This paper discusses the chain architecture of physically-informed neural networks, which is used in cases where it is possible to decompose the original system of equations into individual subsystems, each of which is created with a specialized PINN module, and all the resulting solutions for the subsystems are then sequentially connected into a single chain.

This paper presents the integration of spectral methods into the architecture of physically-informed neural networks, with the solutions decomposition into high-order orthogonal polynomials. The use of these methods allows to obtain a wider range of information on frequency parameters and ensures high prediction accuracy, especially at interfaces and in zones with large velocity gradients.

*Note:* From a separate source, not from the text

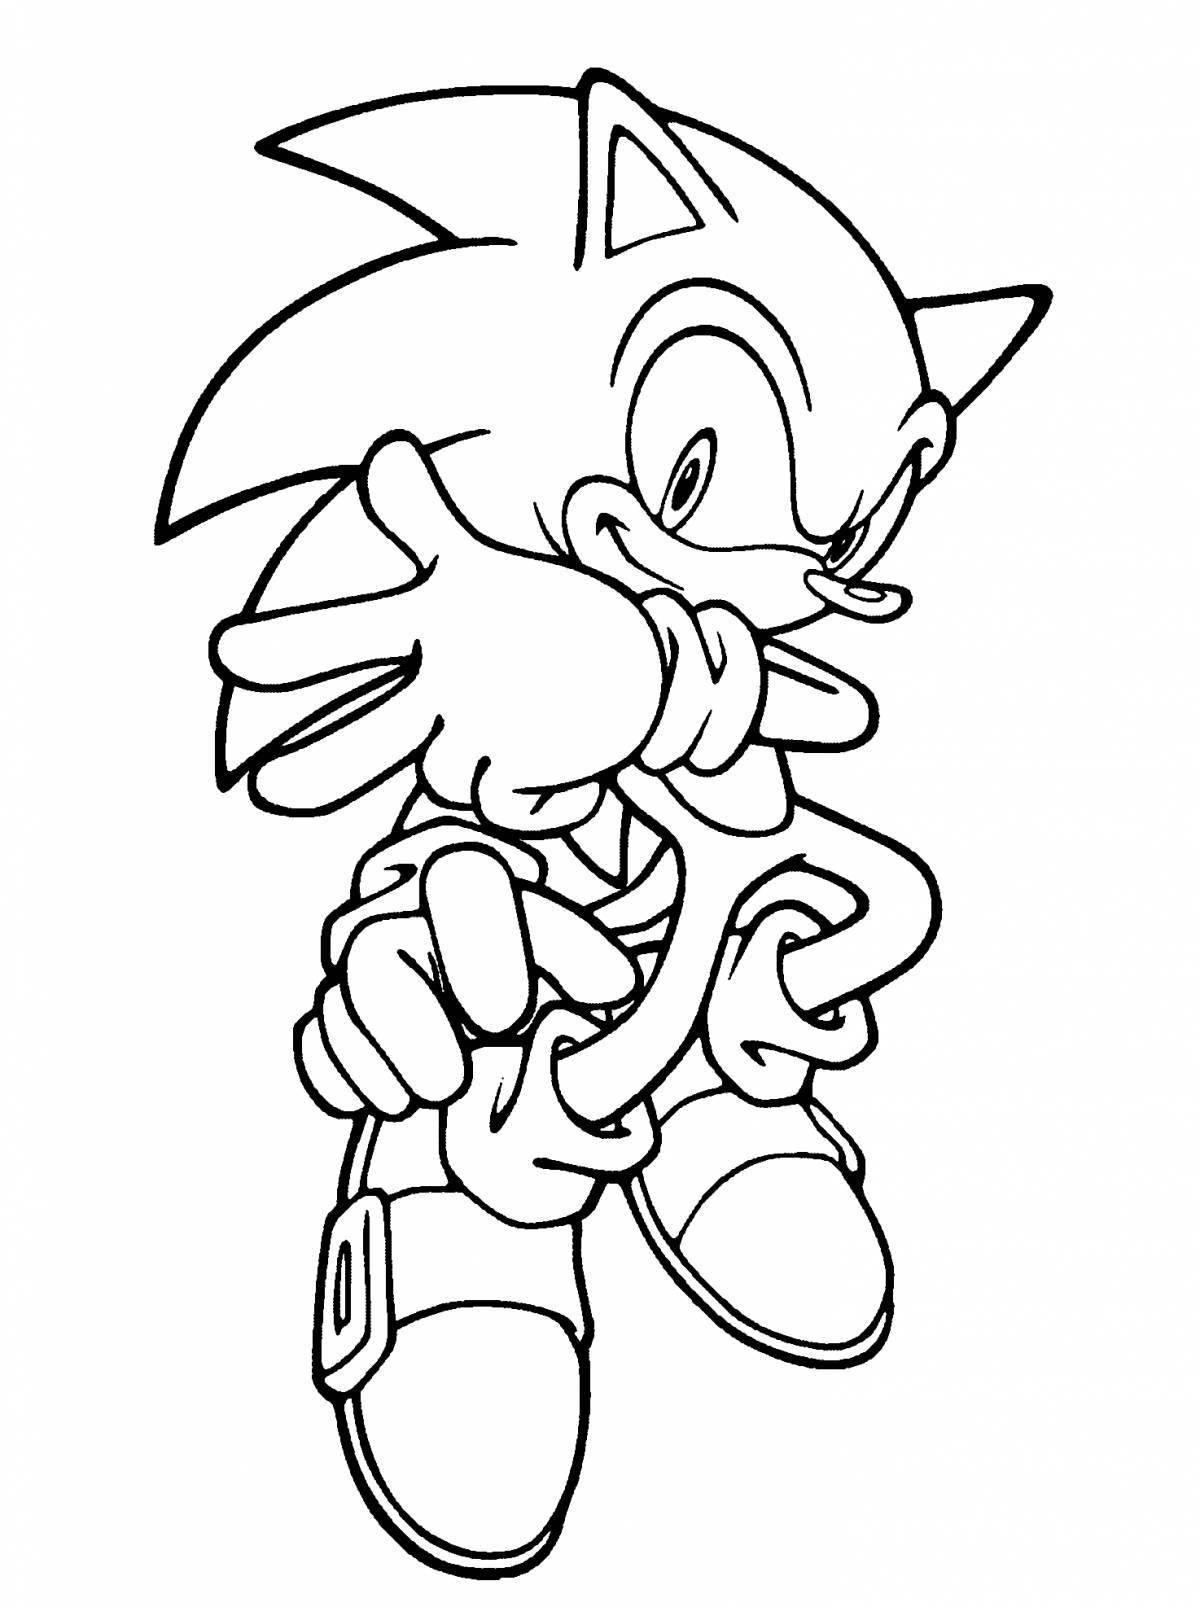 Colorful sonic coloring for boys

Value. Unlike traditional computational fluid dynamics (CFD) methods, which require full spatiotemporal resolution at all calculation steps, PINN predicts flow behavior based on limited input data, using fundamental conservation laws built into its loss function. This principal feature significantly reduces dependence on resource-intensive CFD calculations and expensive experimental data. The physical consistency of predictions and conservation laws ensures reliable results even for time steps not represented in the training set, unlike computational fluid dynamics methods, which require labor-intensive tuning of numerical schemes or stabilization methods to achieve similar accuracy. Furthermore, the use of physically-informed neural networks eliminates the need for recalculations when changing resolution, significantly reducing computational costs. Thus, PINN opens up new possibilities for the multiscale analysis of complex flows, significantly reducing the time and cost compared to classical CFD methods.